— EXERCISE OBJECTIVE —
How many lines in the material below include the string "German"? Answer with the number only.

— RECORDS SHOWN —

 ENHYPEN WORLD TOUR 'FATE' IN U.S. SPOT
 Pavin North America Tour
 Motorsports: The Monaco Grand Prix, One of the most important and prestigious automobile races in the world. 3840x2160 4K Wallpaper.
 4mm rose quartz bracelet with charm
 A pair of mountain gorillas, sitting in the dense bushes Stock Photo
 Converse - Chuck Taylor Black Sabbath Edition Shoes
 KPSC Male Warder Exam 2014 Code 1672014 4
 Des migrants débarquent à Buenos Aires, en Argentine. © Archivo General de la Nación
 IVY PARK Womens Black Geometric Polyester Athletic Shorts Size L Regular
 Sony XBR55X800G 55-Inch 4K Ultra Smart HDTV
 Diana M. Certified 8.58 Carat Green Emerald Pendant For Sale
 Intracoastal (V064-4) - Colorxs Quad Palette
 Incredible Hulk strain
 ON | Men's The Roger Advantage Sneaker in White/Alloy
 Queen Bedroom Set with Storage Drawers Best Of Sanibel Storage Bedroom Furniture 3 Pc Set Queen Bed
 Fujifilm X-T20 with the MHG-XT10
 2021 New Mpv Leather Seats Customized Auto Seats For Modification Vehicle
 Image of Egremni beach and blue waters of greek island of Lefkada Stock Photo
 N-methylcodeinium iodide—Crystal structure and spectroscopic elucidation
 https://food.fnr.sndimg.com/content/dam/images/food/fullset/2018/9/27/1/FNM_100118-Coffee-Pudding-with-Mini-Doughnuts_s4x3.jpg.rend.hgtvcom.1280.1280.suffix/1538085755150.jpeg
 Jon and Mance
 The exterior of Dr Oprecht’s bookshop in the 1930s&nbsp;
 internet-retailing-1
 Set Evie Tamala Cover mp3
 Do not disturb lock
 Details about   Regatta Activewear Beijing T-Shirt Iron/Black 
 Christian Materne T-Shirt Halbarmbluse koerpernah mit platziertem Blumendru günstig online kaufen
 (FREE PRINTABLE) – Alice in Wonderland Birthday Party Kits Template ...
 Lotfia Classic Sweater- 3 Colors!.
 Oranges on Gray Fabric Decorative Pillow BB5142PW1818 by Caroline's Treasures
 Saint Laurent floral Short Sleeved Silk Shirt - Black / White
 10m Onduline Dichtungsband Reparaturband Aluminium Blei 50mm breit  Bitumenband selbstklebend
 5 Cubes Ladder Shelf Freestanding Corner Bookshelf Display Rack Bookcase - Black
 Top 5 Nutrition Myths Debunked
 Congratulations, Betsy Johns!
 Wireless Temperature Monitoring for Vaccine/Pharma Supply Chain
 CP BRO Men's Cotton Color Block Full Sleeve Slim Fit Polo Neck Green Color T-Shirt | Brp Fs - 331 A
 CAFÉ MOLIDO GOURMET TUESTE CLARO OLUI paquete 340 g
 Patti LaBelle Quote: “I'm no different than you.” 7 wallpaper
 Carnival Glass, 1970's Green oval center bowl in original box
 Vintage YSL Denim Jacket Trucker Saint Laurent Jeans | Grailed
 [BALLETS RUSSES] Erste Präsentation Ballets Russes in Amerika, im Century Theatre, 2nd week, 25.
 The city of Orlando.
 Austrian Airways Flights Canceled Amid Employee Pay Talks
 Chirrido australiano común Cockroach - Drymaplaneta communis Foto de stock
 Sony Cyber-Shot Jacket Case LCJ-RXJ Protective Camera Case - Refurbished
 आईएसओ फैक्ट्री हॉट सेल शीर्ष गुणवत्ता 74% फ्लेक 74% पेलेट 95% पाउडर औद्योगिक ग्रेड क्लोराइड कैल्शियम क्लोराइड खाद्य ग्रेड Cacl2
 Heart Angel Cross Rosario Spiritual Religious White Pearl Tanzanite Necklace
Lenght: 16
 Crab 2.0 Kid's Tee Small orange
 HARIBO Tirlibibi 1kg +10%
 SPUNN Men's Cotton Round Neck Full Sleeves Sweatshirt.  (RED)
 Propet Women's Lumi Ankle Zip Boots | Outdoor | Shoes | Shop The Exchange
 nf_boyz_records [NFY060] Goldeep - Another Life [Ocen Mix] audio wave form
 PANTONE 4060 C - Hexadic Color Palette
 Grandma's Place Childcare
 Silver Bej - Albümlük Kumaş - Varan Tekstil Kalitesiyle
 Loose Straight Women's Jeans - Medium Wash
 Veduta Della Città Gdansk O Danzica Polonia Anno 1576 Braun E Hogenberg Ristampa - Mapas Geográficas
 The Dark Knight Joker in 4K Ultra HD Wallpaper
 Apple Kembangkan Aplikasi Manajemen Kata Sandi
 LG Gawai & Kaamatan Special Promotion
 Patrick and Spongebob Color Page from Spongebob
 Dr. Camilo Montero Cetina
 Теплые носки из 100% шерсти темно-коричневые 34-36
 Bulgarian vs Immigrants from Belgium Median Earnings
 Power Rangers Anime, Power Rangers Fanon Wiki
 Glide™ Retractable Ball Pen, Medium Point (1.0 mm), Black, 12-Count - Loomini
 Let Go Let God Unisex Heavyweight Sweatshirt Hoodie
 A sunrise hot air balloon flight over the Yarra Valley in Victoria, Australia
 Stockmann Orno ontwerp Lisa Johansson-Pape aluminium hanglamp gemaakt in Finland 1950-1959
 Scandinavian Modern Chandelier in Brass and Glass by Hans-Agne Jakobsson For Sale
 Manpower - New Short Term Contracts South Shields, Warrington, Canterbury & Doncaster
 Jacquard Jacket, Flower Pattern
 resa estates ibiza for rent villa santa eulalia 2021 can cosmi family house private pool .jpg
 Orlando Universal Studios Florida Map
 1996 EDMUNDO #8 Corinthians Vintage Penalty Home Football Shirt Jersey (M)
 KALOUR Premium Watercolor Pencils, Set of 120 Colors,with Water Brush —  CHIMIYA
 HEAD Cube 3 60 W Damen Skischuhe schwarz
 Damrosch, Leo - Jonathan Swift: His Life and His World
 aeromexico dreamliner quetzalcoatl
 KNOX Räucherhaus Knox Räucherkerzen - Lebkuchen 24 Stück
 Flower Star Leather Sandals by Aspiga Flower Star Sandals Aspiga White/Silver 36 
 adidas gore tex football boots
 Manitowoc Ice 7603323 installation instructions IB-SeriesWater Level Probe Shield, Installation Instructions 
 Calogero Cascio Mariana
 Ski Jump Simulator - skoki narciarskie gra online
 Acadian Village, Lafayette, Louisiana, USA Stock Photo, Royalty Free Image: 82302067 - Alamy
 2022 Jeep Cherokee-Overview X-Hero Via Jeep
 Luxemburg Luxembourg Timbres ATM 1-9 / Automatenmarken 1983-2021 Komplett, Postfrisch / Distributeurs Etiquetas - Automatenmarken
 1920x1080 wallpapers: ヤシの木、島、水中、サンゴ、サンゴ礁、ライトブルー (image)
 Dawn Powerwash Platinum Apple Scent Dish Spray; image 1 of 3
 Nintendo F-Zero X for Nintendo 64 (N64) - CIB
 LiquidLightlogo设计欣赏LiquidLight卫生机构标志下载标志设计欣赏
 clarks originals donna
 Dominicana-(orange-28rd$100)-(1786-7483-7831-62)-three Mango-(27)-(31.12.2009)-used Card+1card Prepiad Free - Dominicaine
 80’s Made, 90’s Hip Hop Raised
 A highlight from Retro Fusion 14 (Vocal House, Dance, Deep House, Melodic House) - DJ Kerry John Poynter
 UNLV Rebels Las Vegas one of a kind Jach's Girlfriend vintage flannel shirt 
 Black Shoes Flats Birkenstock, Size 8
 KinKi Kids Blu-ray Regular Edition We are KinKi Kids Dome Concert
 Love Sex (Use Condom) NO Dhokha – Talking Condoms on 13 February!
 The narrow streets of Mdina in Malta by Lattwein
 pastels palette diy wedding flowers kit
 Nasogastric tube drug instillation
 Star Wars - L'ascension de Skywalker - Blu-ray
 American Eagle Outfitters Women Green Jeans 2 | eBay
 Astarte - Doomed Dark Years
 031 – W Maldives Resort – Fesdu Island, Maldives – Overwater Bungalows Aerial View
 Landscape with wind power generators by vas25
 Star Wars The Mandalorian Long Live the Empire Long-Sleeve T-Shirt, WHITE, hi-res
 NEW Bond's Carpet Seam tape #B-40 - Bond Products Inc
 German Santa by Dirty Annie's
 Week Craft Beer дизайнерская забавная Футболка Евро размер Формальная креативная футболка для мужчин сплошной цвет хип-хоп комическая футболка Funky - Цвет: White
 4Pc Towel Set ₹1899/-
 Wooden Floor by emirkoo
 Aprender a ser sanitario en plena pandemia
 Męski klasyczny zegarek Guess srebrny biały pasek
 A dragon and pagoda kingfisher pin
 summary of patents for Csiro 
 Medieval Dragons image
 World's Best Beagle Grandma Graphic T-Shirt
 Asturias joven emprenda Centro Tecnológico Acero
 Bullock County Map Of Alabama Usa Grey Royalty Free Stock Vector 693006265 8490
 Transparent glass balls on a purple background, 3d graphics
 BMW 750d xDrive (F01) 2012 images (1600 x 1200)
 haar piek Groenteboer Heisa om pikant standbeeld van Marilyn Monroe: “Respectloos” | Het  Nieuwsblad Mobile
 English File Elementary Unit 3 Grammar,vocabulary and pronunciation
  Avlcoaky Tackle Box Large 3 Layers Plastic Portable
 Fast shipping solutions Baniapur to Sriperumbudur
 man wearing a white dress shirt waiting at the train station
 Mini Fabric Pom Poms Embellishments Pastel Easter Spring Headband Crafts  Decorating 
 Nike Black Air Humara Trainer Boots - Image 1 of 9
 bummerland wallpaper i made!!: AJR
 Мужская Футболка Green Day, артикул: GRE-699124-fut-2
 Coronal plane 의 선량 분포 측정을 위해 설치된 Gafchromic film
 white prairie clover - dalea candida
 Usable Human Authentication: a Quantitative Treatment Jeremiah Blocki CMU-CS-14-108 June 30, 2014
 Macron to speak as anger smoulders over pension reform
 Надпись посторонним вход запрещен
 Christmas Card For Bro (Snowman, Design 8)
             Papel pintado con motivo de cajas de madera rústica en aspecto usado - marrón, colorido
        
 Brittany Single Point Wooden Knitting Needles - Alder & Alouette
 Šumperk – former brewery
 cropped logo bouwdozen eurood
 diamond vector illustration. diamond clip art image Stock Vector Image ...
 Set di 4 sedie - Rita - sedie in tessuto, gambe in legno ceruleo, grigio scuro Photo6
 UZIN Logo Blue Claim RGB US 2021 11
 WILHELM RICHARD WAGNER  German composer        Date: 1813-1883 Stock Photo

— RESPONSE —
2